Ask HN: Why you deleted Facebook or any other social network? - ciccionamente
What are the main reasons why you decided to delete  Facebook or any other social network account?
======
0_gravitas
I never like FB to begin with, or Social Networks like it in general, but the
thing that made me pull the trigger was the one day my greatest fear was
realized: "I don't want to find out that I hate the people that I like", and
lo and behold, one day I scrolled a _little_ too far and discovered "well, I
can never think about that person in the same way again"

------
jayturley
1) Surveillance 2) Data breaches and misuse of personal data 3) Mental health

------
rolph
lack of intellectual, or substantiative content. chronic misinformation, and
social engineering campaigns. surveillance and weaponization of data, and
influencing.

------
meerita
I will reinstate why I did it:

1\. Politically incorrect guy in a left-leaning social network it was a pain.
Both relatives and FB bullied me. FB made me delete a post because it was
controversial (I cheered that abortion law was ditched in my country) and
relatives because they're not conservatives, they're more kind of USA's
democrats. So it was really hard to me to express feeling without being
insulted my everyone.

2\. Continuous use of the social network and watching stuff that was useless.
I came to realization people on FB are just part a big echo chamber. That's
why I moved out and it was better.

3\. FB plays with my data, bias me in the background and try to sell me
progresive ideas all the time by banning the opposition by all means.
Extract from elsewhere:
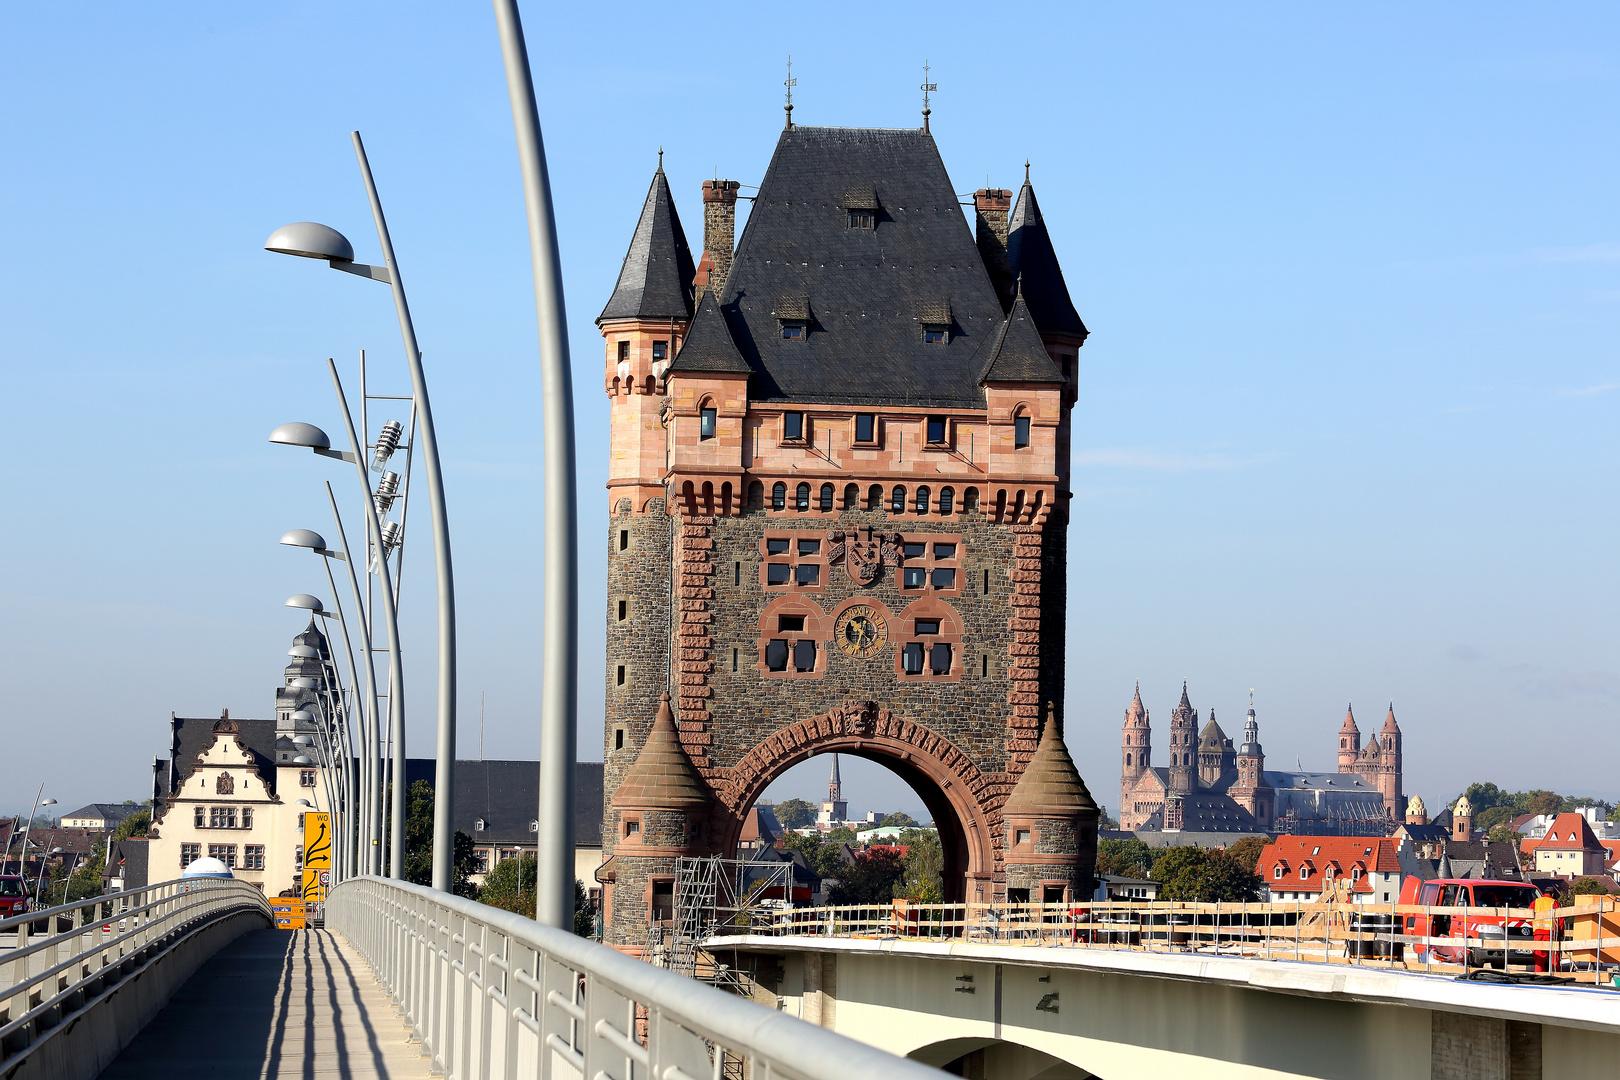 Worms - Neue Rheinbrücke auf dem Weg nach Worms (II)

4\. The battery of my phone lasts 4hs more.

------
not_a_cop75
I stopped with Facebook because of spying and narcissism. I stopped with
Twitter because of selective tweet promotion and targeting - you're
effectively giving a group power over your life guiding you what is right to
watch or be concerned about. I don't ever want any media or pseudo-media
company doing that. Presently I search a list of different sites with totally
different leanings and try my best to capture the truth without the slant.

None of it is easy though.